Моторы немецких танков работали по нескольку сот часов. Наш танковый дизель В-2, только что освоенный в производстве, даже на заводском стенде выдерживал не больше 70. На реальных же Т-34 и КВ он и полусотни часов не работал: воздушный фильтр из промасленной проволоки либо пропускал недостаточно воздуха, либо – когда масло сдувалось потоком – переставал задерживать пыль, и абразивный износ поршневых колец нарушал компрессию.
Конструкции более ранних наших танков были отработаны годами, детские болезни изжиты. Но их производство давно (в основном – весной 1940-го) прекратилось. Сразу же перестали делать и запчасти.
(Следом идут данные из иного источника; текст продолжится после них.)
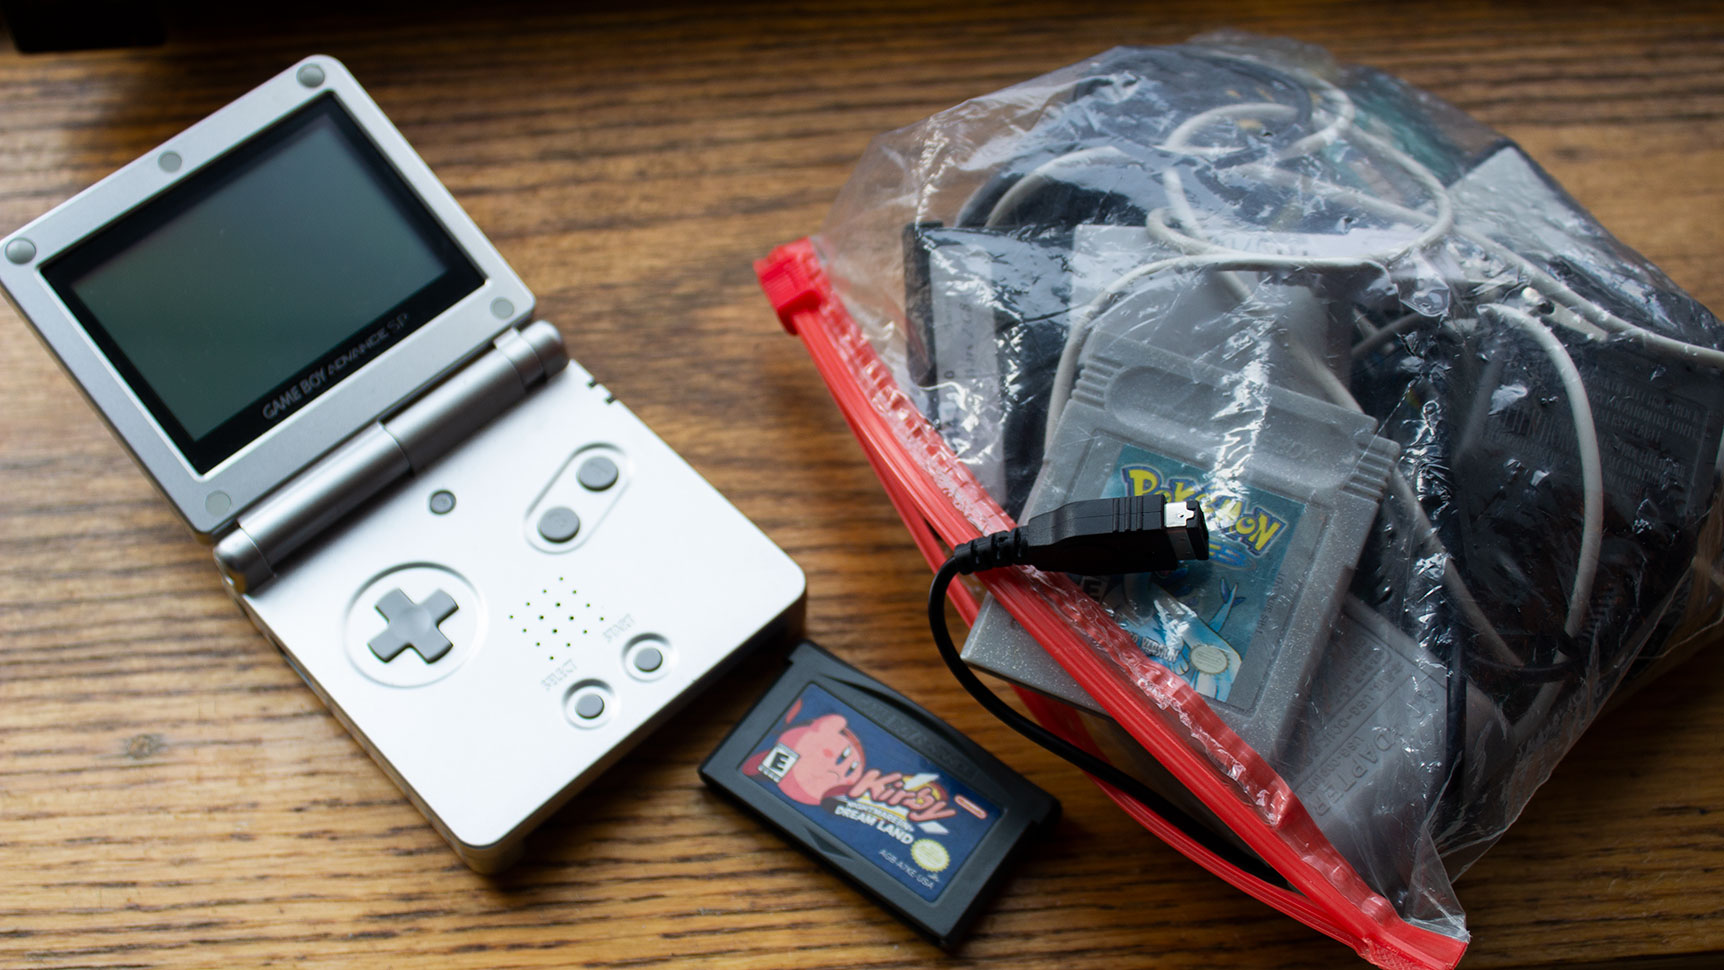 It's not my GBA SP, Nightmare in Dreamland, and stash of cartridges/cords, but it's almost the same as what I carried around back in the day. (Photo: Victoria Song/Gizmodo)

К началу войны их почти не осталось даже на армейских складах. Танки, ломающиеся на ходу от многолетнего износа, стало нечем чинить.
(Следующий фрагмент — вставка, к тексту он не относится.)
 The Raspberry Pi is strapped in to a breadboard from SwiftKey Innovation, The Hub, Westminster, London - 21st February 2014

Разница в живучести автомобилей, конечно, далеко не столь разительна. Но всё же весьма заметна (по большинству категорий машин – в разы). Соответственно и грузы для наших войск перемещались в среднем – с учётом поломок и починок – существенно медленнее, чем для немецких.
Итак, 1941.06.22 на нас напала не просто численно превосходящаяя армия, поддержанная экономикой практически всей Европы. Она ещё и была оснащена всем необходимым для перемещения со скоростью, непосильной войскам нашей страны, всего за десять лет до войны развернувшей конвейерное автопроизводство. Вся огневая мощь наших танков и артиллерии пропадала впустую: пока мы добирались до противника, он успевал уйти – и нанести удар в новом месте. Что толку в самом тяжком мече, если враг успеет, пока ты его заносишь для удара, уколоть тебя лёгкой шпагой в десяток разных мест?
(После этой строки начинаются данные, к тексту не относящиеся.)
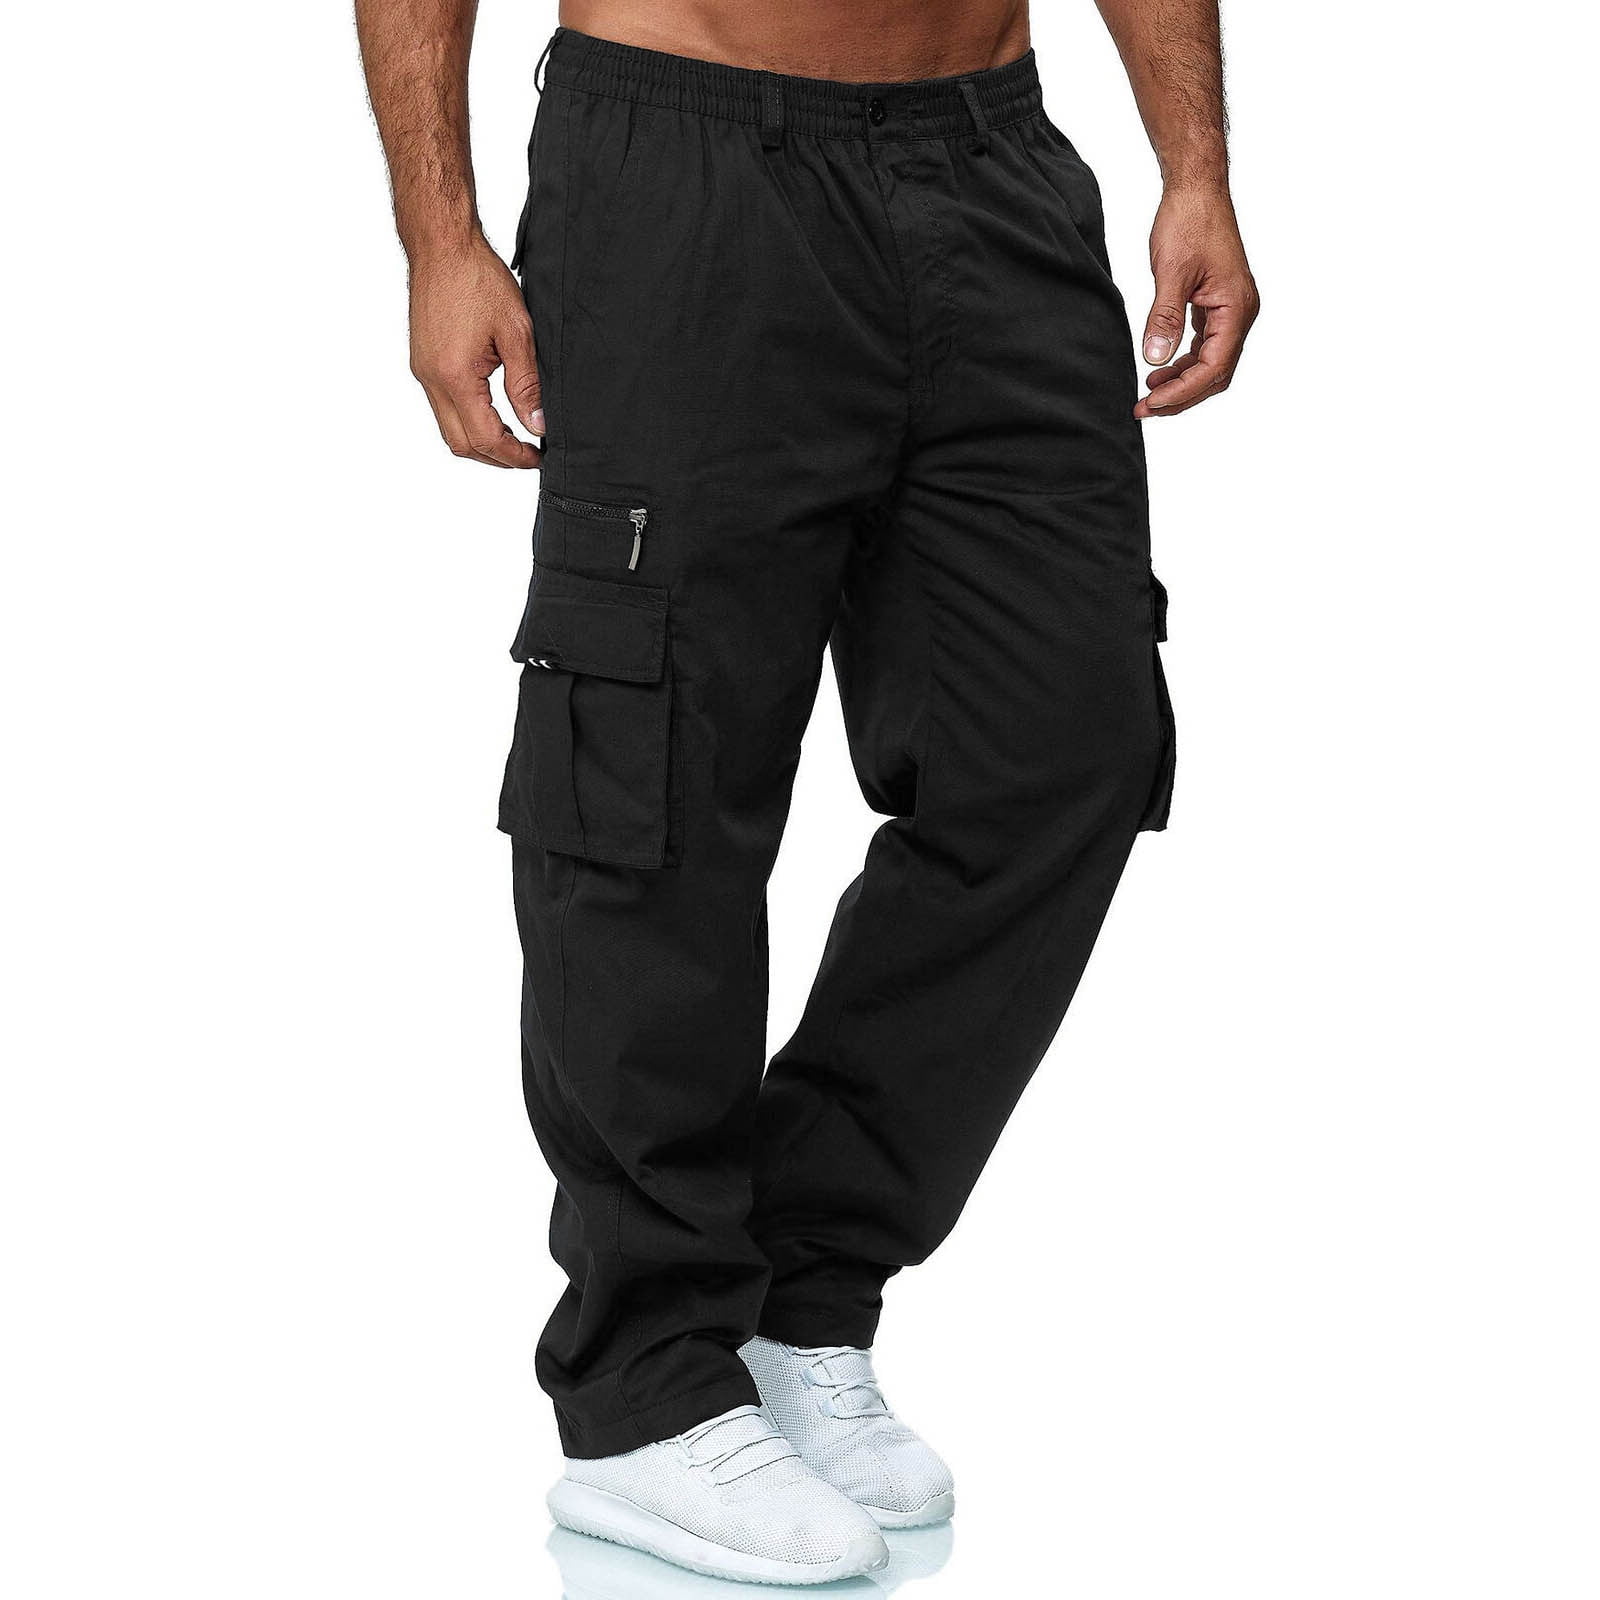 Men's Pockets Military Cargo Pant Elastic Waisted Relaxed Fit Pants ...

Чтобы уравнять силы с врагом, было мало мобилизовать бойцов и возобновить на эвакуированных заводах выпуск оружия. Пришлось ещё и нарастить производство автомобилей. Пусть даже ценой резкого упрощения. Кабина стала фанерной, на ГАЗ-ММ справа убрали фару. Изрядную часть автопарка перевели на газогенераторы. Древесные отходы (от стружек до сосновых шишек), тлея в простой ёмкости с минимальным доступом воздуха, выделяют угарный газ. Он и догорает в моторе. Мощность, конечно, не та – зато дефицитный в военное время бензин высвобождается для более требовательной техники. Самой же машине с газогенератором, как крыловской стрекозе, под каждым кустом готов и стол, и дом: нехватки щепок на Руси отродясь не бывало.
Некоторые категории автомобилей у нас просто не производились. Помогли союзники. Так, фирма «Студебеккер» поставила 3– и 5-тонные грузовики с приводом на все колёса: даже «Опель-Блиц» им в подмётки не годился. «Виллис» (чьё обозначение GP – General Purpose, т. е. общее назначение – дало название целому классу автомобилей) – также со всеколёсным приводом – мог нести не только командира, но и 3/4 тонны груза со скоростью, недоступной прочей наземной технике.
Советский и союзный автопром оказался в конечном счёте мощней европейского. И когда наша армия сравнялась с германской в подвижности, наши победы стали регулярны. К концу войны немцев окружали и пленили почти так же часто, как красноармейцев в её начале. В 1941-м наши потери (в основном – пленными, позже умершими от болезней и голода: немцы не только – в отличие от нас – не заботились о жизни «недочеловеков» и не соблюдали международные конвенции, но и просто не рассчитывали на такое число захваченных) были в несколько раз больше вражеских. За войну в целом на каждого погибшего советского солдата пришлось примерно 0.7–0.8 (немецкая статистика безвозвратных потерь куда менее точна, чем наша) немецкого или союзного немцам европейского бойца. Если бы не грандиозная разница в мобильности в первый год войны, наши воины и вовсе гибли бы не чаще немцев.